Sin embargo, Idoia Miranda Martínez y Laida Garciandía Pazos apostaron por comprarse algo en la cafetería del propio campus. “Hoy hemos elegido comer fajitas porque, como hemos venido dos veces ya, queríamos probar un poco a ver qué había. Ayer comimos un bocata, pero hoy nos apetecía probar la fajita”, explicaba Miranda.

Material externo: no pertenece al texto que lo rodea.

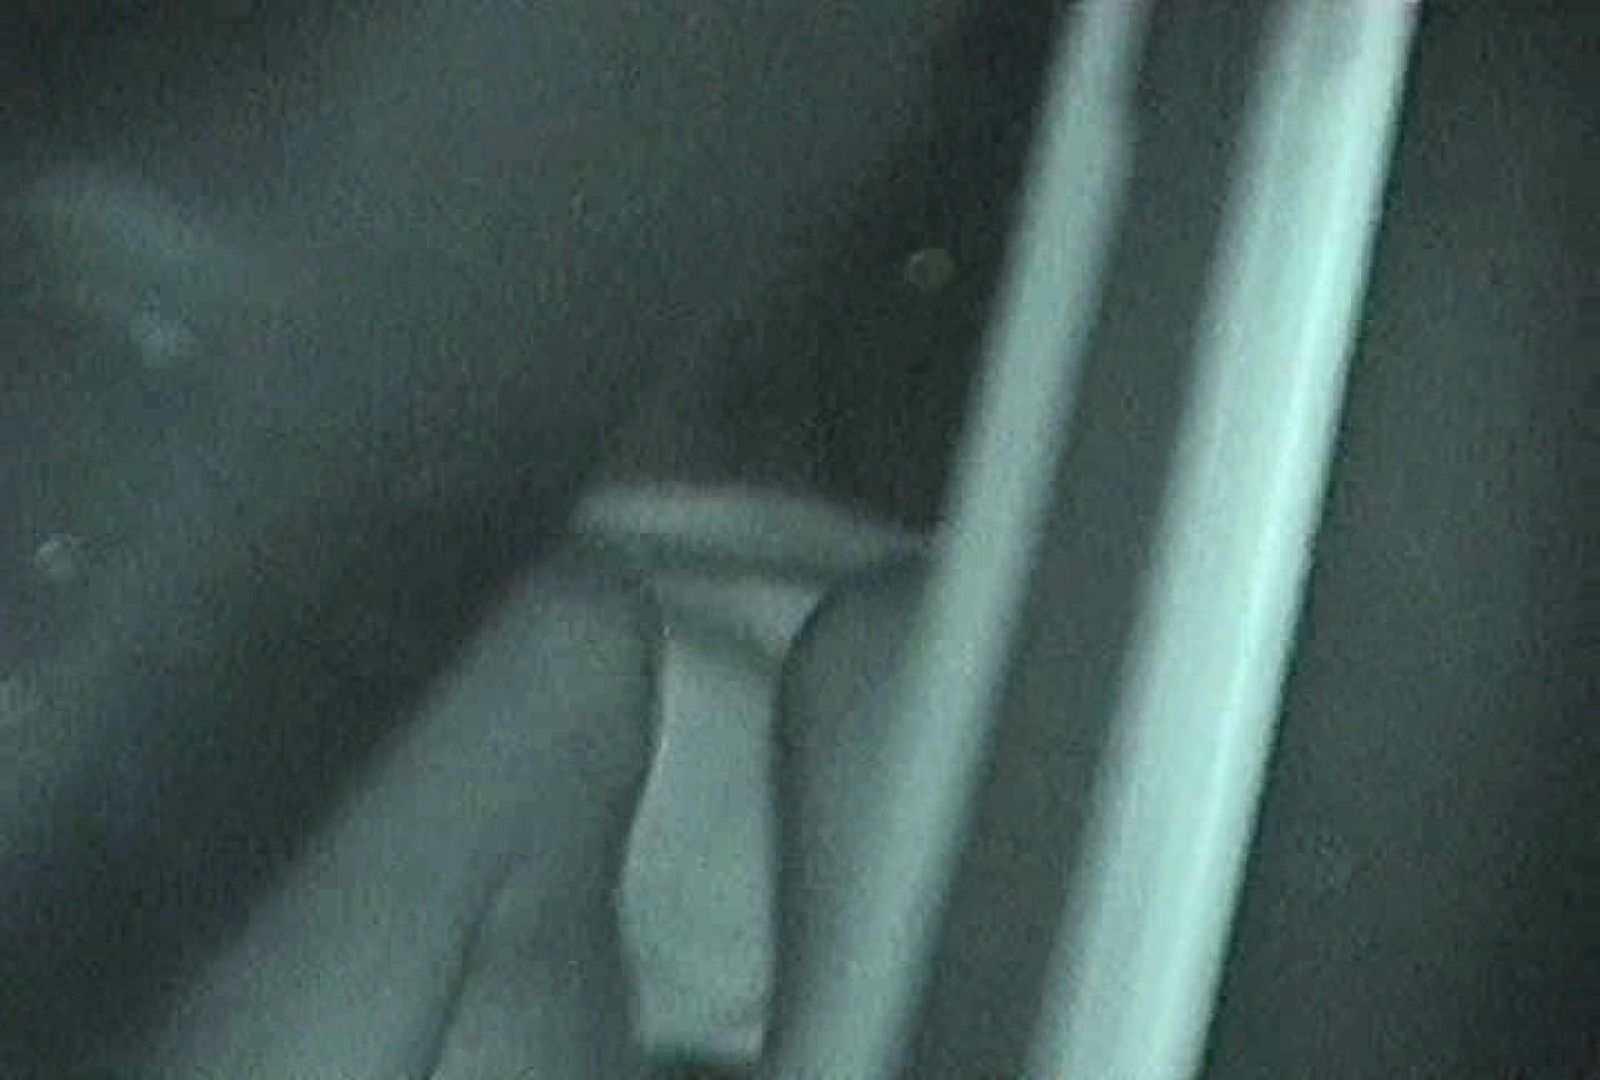 充血監督の深夜の運動会Vol.93 独占盗撮 ぱこり動画紹介 66連発 39

Comer algo rápido para no perder tiempo puede ser una gran elección, pero hay quienes preferían hacerlo más tranquilos en casa sin nervios. “Yo no he traído nada porque comeré después del examen. Me pongo muy nerviosa”, aclaraba Garazi Recalde Ovando . “Además, la cafetería ayer estuvo bastante llena y prefiero comer luego e ir más tranquila”, decía.


UN GRAN TRAYECTO
La mayor parte de los jóvenes optaron por no volver a casa para “no perder tiempo”, como señalaba Laia Elizalde Fernández, alumna de Biurdana BHI y vecina de Buztintxuri.
Pero otros muchos no tenían otra opción. Un ejemplo son Miranda y Garciandía, que al vivir en Lakuntza se les hacía “muy complicado”, volver a sus casas. “Como teníamos exámenes por la mañana, pero también otros por la tarde y como vivimos lejos, no nos da tiempo a ir y volver. Así que hemos decidido quedarnos a comer aquí”, decía Miranda.


“Prefiero comer aquí con mis amigas que coger la villavesa que me cuesta una hora ir y otra volver. De esta forma estamos juntas, repasamos antes de entrar y nos sentimos apoyadas entre nosotras”, explicaba la vecina de Barañáin y estudiante de Alaitz BHI, Mirari Camusco Barroso. “Así no estamos en casa agobiándonos”, decía Camusco.